After my seismic career
By Andrew Selsky

 

It was winter in 1984 in Jackson Hole, where I was living and trying to keep my career in journalism alive. I was a freelance correspondent for the Casper Star-Tribune, Wyoming's biggest-circulation daily.

Unlike work for seismic oil exploration crews, which I had done off and on for the past two years in Wyoming, Montana and Texas, freelance journalism in Jackson didn't pay much.

I sometimes had to supplement my income by getting minimum-wage day jobs through the Wyoming Employment Commission. One day I was hired to chip ice from the parking lot of a small shopping center on North Cache Street. I was given a long-handled implement with a blade on the end to break up the inch-think ice and crusted snow on the parking lot. I was working in front of a shop when I saw Gary Rossington walk from the parking lot, heading for the shop. He came right past me.

I had read in a one-paragraph entry in Rolling Stone magazine that Gary was living in Wyoming with his new wife and "chopping wood," I guess a reference to him being some kind of mountain man. I think I had learned by the time Gary came walking past me that he was living in Jackson Hole.

As he came walking past I introduced myself as a correspondent for the Star-Tribune, and asked if I could interview him.

"Sure," he said. He didn't blink an eye that some guy with an ice-breaking tool standing in front of a shop was claiming to be a reporter. He said I could come by his house on the Elk Refuge, just outside town.

I called my editor in Casper, and asked if he'd be interested in a story. I was a Lynyrd Skynyrd fan from way back. I distinctly remember driving from Virginia Tech to Washington one autumn morning with my girlfriend when a DJ on the radio said the band's plane had crashed the previous evening, and played Skynyrd music as a tribute.

My editor said he doubted Gary would consent to an interview.

"These stars, they don't want to be bothered and want to be left alone," he said.

I told him that Gary had already agreed.

I was pretty broke back then and didn't even have a car. A friend gave me a ride to Gary's log cabin on the Elk Refuge. Gary and his wife Dale were extremely gracious. This was the first famous person I had interviewed, except for Texas Gov. Bill Clements back when I was a reporter for the Cleburne Times-Review, near Fort Worth.

After the interview, I took a photograph of Gary, Dale and their baby daughter in front of their cabin. Being Jackson in winter it, of course, was a cold day. They put on their coats and a hooded one on their cute daughter Mary.

I didn't have a way to get back to town, so Gary said he'd be happy to drive me. We climbed into his pickup truck and the tires went crunching over snow as we drove into Jackson. He and Dale are genuinely nice people.

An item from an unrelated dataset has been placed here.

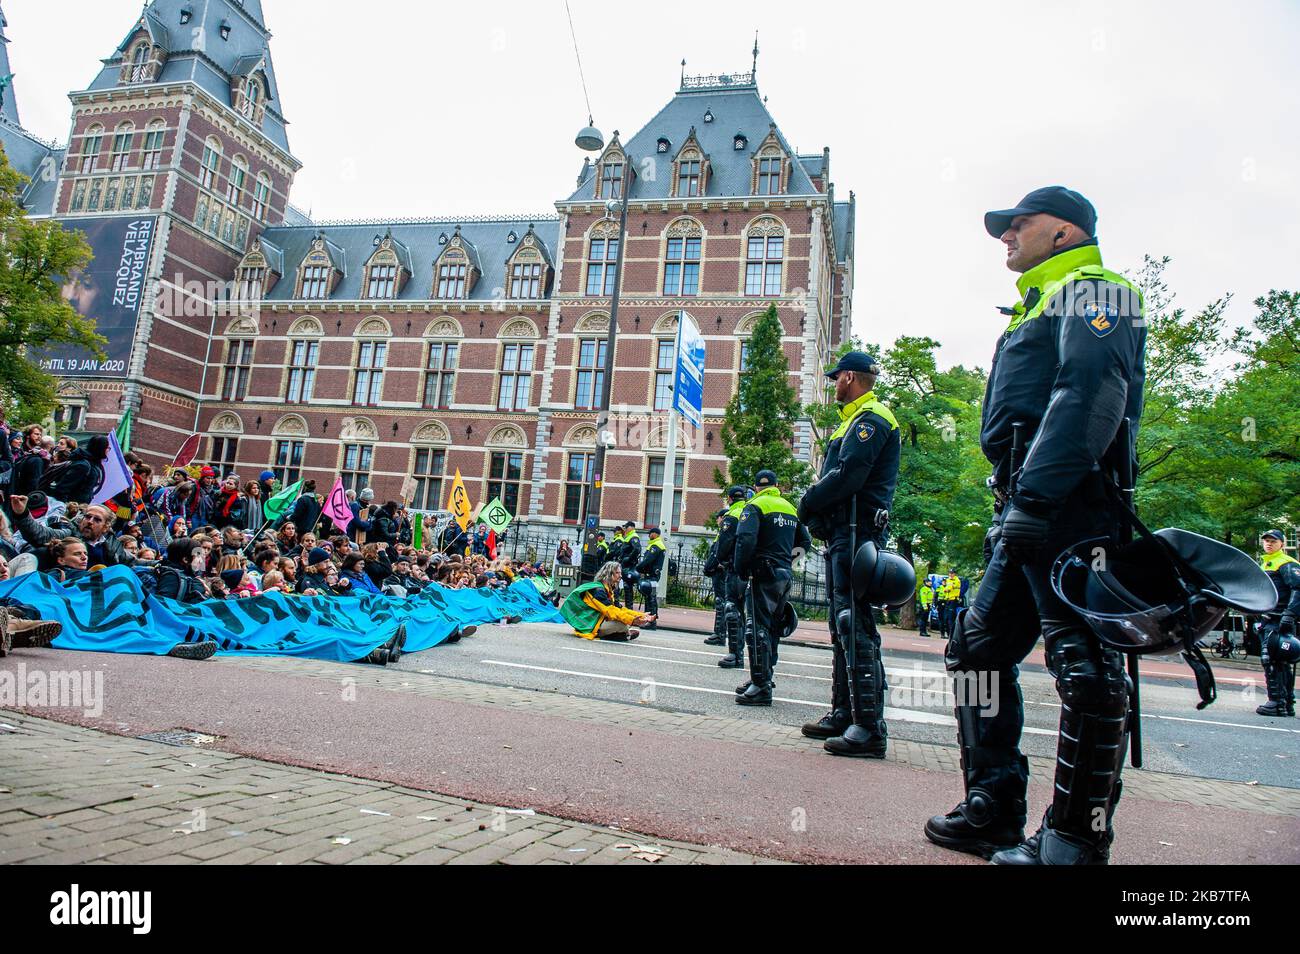 2 Wochen lang werden sich der Extinction Rebellion und verbündete Bewegungen in großen Städten auf der ganzen Welt versammeln und weiterhin gegen die Regierungen der Welt rebellieren, weil sie am 7. Oktober 2019 in Amsterdam, Niederlande, kriminell gegen die Klima- und Ökologiekrise vorgehen. XR-Klimaaktivisten in Amsterdam werden vor dem Rijksmuseum eine mehrtägige Blockade im großen Stil auf dem Museumbrug organisieren. Am frühen Morgen zeigten Hunderte von XR-Aktivisten auf der Brücke, wo eine sichtbare Polizeipräsenz bestand. Die Umweltgruppe Extinction Rebellion will die niederländische Regierung Stockfoto

The story and picture wound up on the front page of the Star-Tribune's Wyoming section in the Sunday edition. You can see it here:

http://www.geocities.com/aceserve2001/Rossington.pdf

It's got one mistake. The plane crash happened in Mississippi, not Louisiana (their destination was Baton Rouge, La.). But I wrote my story in the pre-Internet age, back in the stone ages, when information was not readily available. Certainly the Teton County Library didn't have anything on the plane crash.

Gary was willing to talk about almost anything...his rock 'n' roll life, living in Wyoming, but not the crash. It was still too painful to discuss. He lost some good friends that day in 1977, and this was just six-and-a-half years later.